CSProToMySQL creates a complete relational schema with the following features:
- A record can be identified as the main table. The main table will be linked to the rest of tables.
- Value lists are stored in lookup tables. Lookup tables are then related to main tables.
- Records are converted to tables.
- Records and variable names are stored in METAS's dictionary tables.
- Duplicated value lists are avoided.
- Yes/No selects are ignored
The tool produces the following output files:
- create.sql: A DDL script containing all data structures, indexes and relationships.
- insert.sql: A DML script that inserts all the select and multi-select values in the lookup tables.
- uuid-triggers.sql: A script containing code for storing each row in each table with an Universally unique identifier (UUID).
- metadata.sql: A DML script that inserts the name of all tables and variables in META's dictionary tables.
- manifest.xml: This file maps each variable in the CSPro survey with its corresponding field in a table in the MySQL database. This file is used in subsequent tools.
- create.xml: This is a XML representation of the schema. Used by utilities compareCreateXML & createFromXML.
- insert.xml: This is a XML representation of the lookup tables and values. Used by utilities compareInsertXML & insertFromXML.
- x - Input CSPro XML file.
- t - Main record in CSPro, usually it contains the main survey variable. This will become the main table in the schema.
- p - Table prefix. A prefix that can be added to each table. This is useful if a common schema is used to store different surveys.
- c - Output DDL file. "create.sql" by default.
- i - Output DML file. "insert.sql" by default.
- u - Output UUID trigger file. "uuid-triggers.sql" by default.
- m - Output metadata file. "metadata.sql" by default.
- f - Output manifest file. "manifest.xml" by default
- I - Output lookup tables and values in XML format. "insert.xml" by default.
- C - Output schema as in XML format. "create.xml" by default
$ ./csprotomysql -x my_input_csppro_xml_file.xml -t maintable
CSProDatToJSON converts a CSPro data file (DAT) into JSON files. CSPro stores the data into a "flat" text file and is very complicated to control which case are imported or not into the database. To solve this each case is exported to a different JSON file. JSON files are then imported with JSONToMySQL
In addition to JSON files the tool produces the following output file:
- output.csv. A log file in CSV format with any errors encountered in the conversion. These errors are mainly caused by using a dictionary file that does not match the data file.
- x - Input CSPro XML file.
- d - Input CSPro DAT file.
- o - Output directory for the JSON files.

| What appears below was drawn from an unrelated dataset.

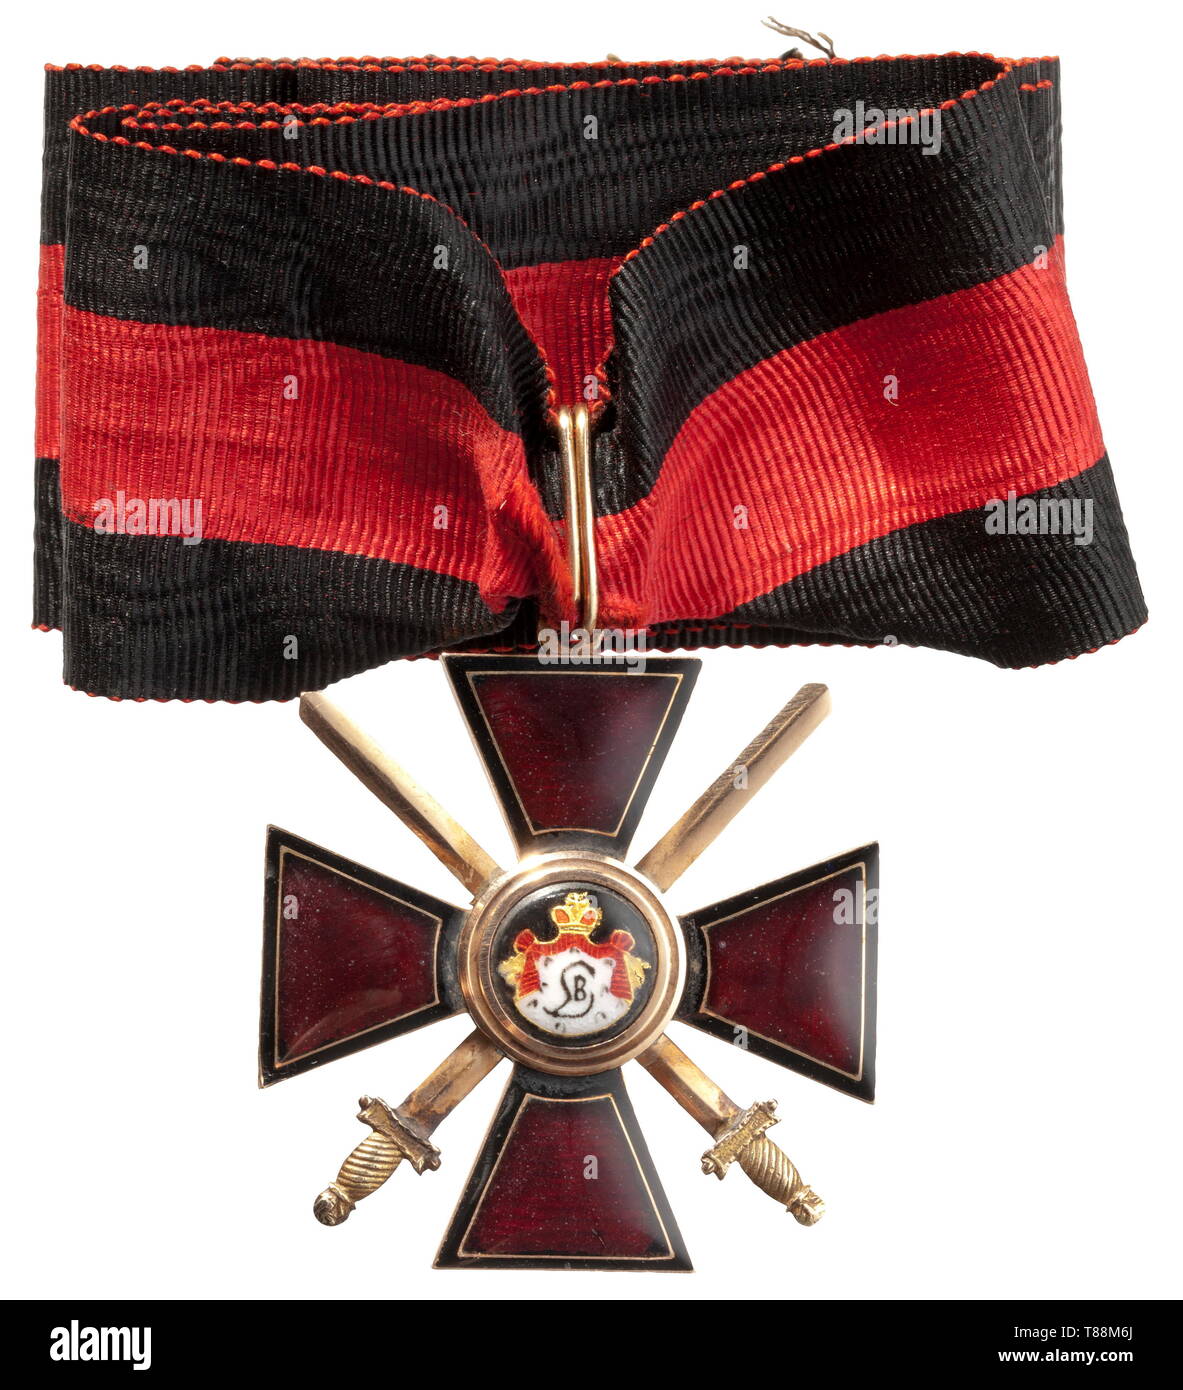 A Russian Order of St. Vladimir, 3rd Class Cross with Swords Circa 1880. Gold, the cross arms in dark red enamel. The eyelet with St. Petersburg fineness mark for 56 zolotniki and an illegible maker's mark in Cyrillic 'F..'. Dimensions 46 x 43 mm, weight 14 g. Two cross arms with minimal chips. With original ribbon, length 31 cm. historic, historical, medal, decoration, medals, decorations, badge of honour, badge of honor, badges of honour, badges of honor, 19th century, Additional-Rights-Clearance-Info-Not-Available Stock Photo
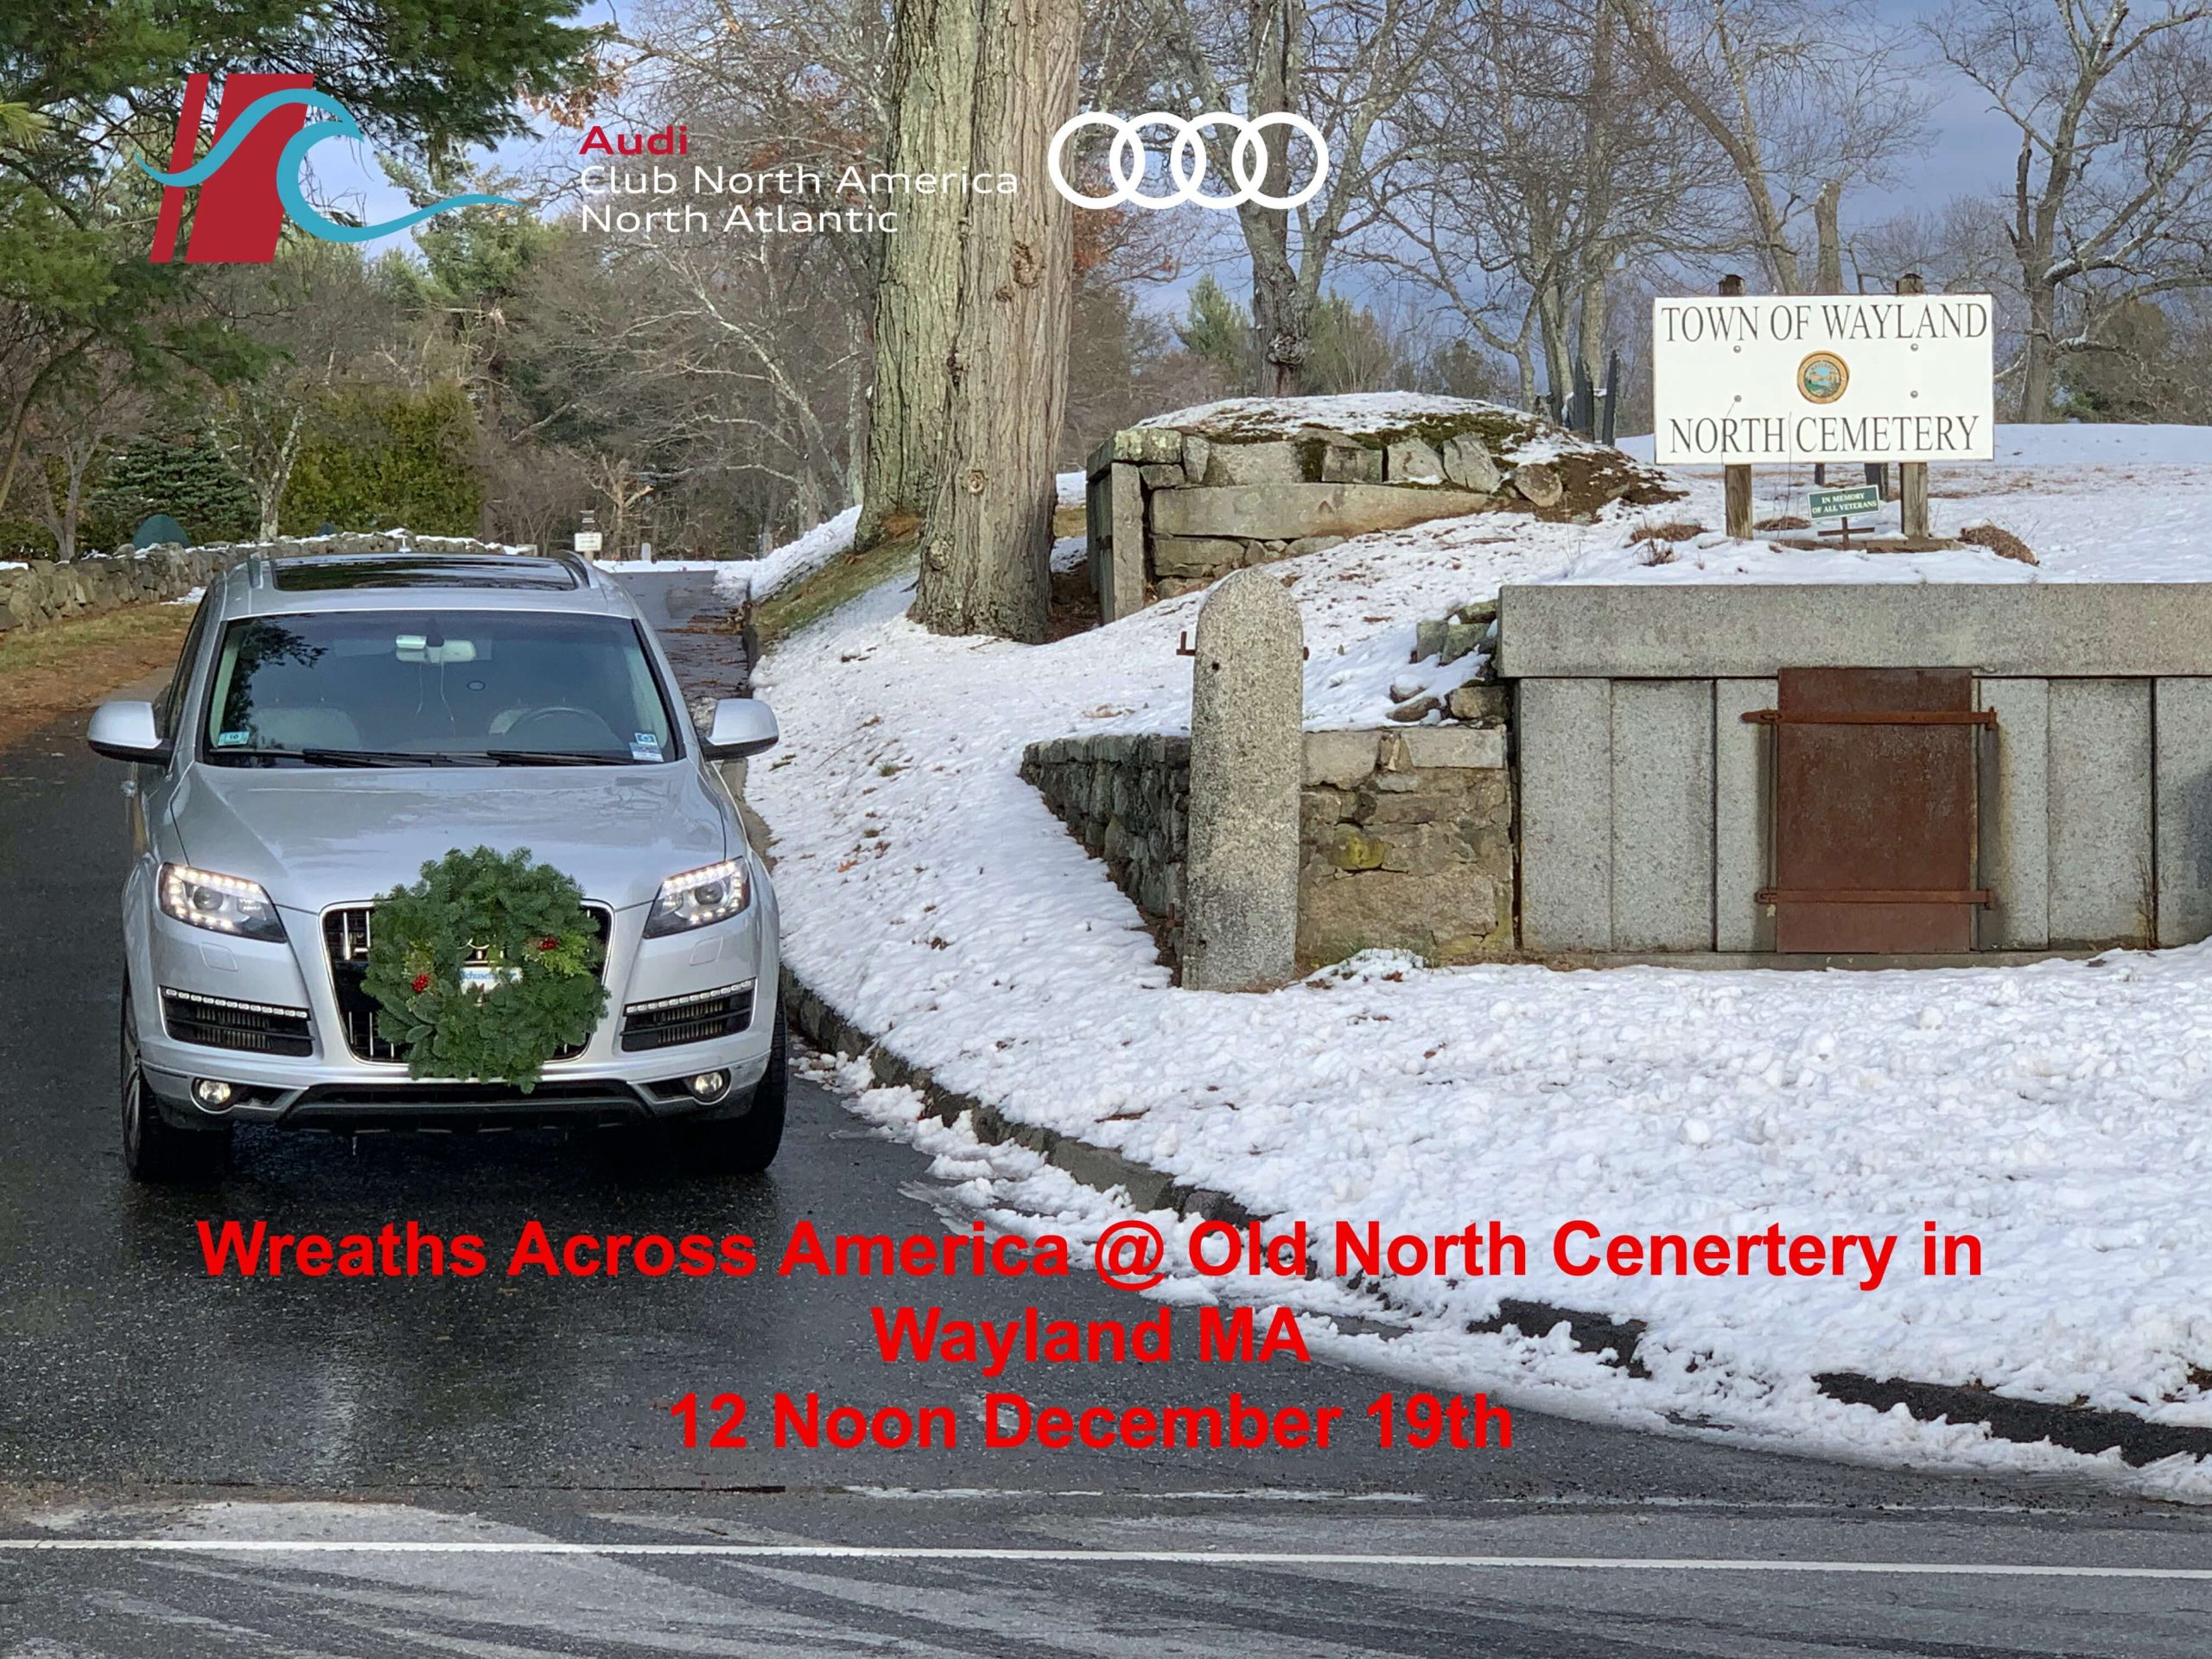 Wreaths Across America - Old North Cemetery

- l - Output log file. "output.csv" by default
- t - Main record in CSPro.
- v - Version of CSPro. The DAT files has changed from CSPro 5 to CSPro 6. You need to specify the version of CSPro used to COLLECT the data.
- w - Whether to overwrite the log file. False by default
- W - By default CSProDatToJSON does not overwrite a JSON file if it exists. Use this to change this behavior.
$ ./csprodattojson -x my_input_csppro_xml_file.xml -d my_input_date_file.dat -v 5 -o /where/to/save/the/jsons -t my_main_record
CSPro Tools was built using:
- C++, a general-purpose programming language.
- Qt 5.6.x, a cross-platform application framework.
- TClap, a small, flexible library that provides a simple interface for defining and accessing command line arguments.
- QJSON, a qt-based library that maps JSON data to QVariant objects. (Included in source code)
- CMake, a cross-platform free and open-source software for managing the build process of software using a compiler-independent method.
To build this site for local viewing or development:
$ git clone https://github.com/ilri/csprotools.git
$ cd csprotools
$ git submodule update --init --recursive
$ cd 3rdparty/qjson
$ mkdir build
$ cd build
$ cmake ..
$ make
$ sudo make install
$ cd ../../..
$ qmake
$ make
Carlos Quiros (c.f.quiros_at_cgiar.org / cquiros_at_qlands.com)
This repository contains the code of:
- TClap which is licensed under the MIT license.
- QJSON which is licensed under the GNU Lesser General Public License version 2.1
Otherwise, the contents of this application is LGPL V3.